- [Recorded information]:
Content starts

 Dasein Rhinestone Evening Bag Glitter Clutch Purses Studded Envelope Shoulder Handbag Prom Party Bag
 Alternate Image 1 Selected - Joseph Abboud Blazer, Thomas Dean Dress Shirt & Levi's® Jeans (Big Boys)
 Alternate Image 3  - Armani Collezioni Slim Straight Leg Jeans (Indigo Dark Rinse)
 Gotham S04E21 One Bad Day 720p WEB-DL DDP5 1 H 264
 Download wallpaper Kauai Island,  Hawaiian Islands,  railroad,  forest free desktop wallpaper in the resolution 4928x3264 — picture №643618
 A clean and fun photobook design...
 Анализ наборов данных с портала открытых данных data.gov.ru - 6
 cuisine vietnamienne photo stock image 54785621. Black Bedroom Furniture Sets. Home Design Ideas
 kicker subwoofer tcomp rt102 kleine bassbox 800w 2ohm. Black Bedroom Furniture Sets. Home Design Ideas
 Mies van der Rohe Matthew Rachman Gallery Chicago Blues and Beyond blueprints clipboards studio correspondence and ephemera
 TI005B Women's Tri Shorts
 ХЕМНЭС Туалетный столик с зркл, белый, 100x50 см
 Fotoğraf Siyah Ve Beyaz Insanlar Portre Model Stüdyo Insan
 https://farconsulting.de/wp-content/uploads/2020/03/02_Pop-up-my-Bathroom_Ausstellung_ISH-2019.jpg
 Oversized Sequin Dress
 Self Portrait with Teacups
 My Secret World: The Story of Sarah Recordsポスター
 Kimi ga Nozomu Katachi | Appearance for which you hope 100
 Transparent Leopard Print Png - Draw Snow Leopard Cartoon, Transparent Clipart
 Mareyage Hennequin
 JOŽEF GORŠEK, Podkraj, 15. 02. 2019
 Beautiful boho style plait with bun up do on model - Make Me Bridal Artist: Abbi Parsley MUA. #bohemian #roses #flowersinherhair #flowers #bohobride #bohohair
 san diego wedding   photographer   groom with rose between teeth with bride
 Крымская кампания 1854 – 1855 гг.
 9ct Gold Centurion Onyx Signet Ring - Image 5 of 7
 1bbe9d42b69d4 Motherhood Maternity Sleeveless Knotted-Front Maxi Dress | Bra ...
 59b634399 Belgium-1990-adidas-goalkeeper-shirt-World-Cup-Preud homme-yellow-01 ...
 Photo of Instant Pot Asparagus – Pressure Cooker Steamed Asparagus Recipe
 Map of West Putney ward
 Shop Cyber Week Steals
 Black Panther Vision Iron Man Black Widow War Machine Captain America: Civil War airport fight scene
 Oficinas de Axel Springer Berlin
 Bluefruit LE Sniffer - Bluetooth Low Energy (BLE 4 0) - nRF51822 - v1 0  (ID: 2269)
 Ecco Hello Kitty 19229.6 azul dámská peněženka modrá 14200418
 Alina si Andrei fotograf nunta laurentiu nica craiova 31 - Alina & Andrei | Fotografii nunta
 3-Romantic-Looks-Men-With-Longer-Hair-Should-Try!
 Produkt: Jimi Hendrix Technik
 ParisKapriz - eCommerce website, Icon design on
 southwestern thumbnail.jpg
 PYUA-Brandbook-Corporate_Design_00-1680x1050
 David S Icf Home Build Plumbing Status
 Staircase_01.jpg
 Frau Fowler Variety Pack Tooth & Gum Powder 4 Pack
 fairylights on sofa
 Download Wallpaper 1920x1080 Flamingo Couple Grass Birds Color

Content ends

Reproduce exactly the lines from the one containing "Map of West Putney ward" through the last line of the records above, including both, and nothing else.

 Map of West Putney ward
 Shop Cyber Week Steals
 Black Panther Vision Iron Man Black Widow War Machine Captain America: Civil War airport fight scene
 Oficinas de Axel Springer Berlin
 Bluefruit LE Sniffer - Bluetooth Low Energy (BLE 4 0) - nRF51822 - v1 0  (ID: 2269)
 Ecco Hello Kitty 19229.6 azul dámská peněženka modrá 14200418
 Alina si Andrei fotograf nunta laurentiu nica craiova 31 - Alina & Andrei | Fotografii nunta
 3-Romantic-Looks-Men-With-Longer-Hair-Should-Try!
 Produkt: Jimi Hendrix Technik
 ParisKapriz - eCommerce website, Icon design on
 southwestern thumbnail.jpg
 PYUA-Brandbook-Corporate_Design_00-1680x1050
 David S Icf Home Build Plumbing Status
 Staircase_01.jpg
 Frau Fowler Variety Pack Tooth & Gum Powder 4 Pack
 fairylights on sofa
 Download Wallpaper 1920x1080 Flamingo Couple Grass Birds Color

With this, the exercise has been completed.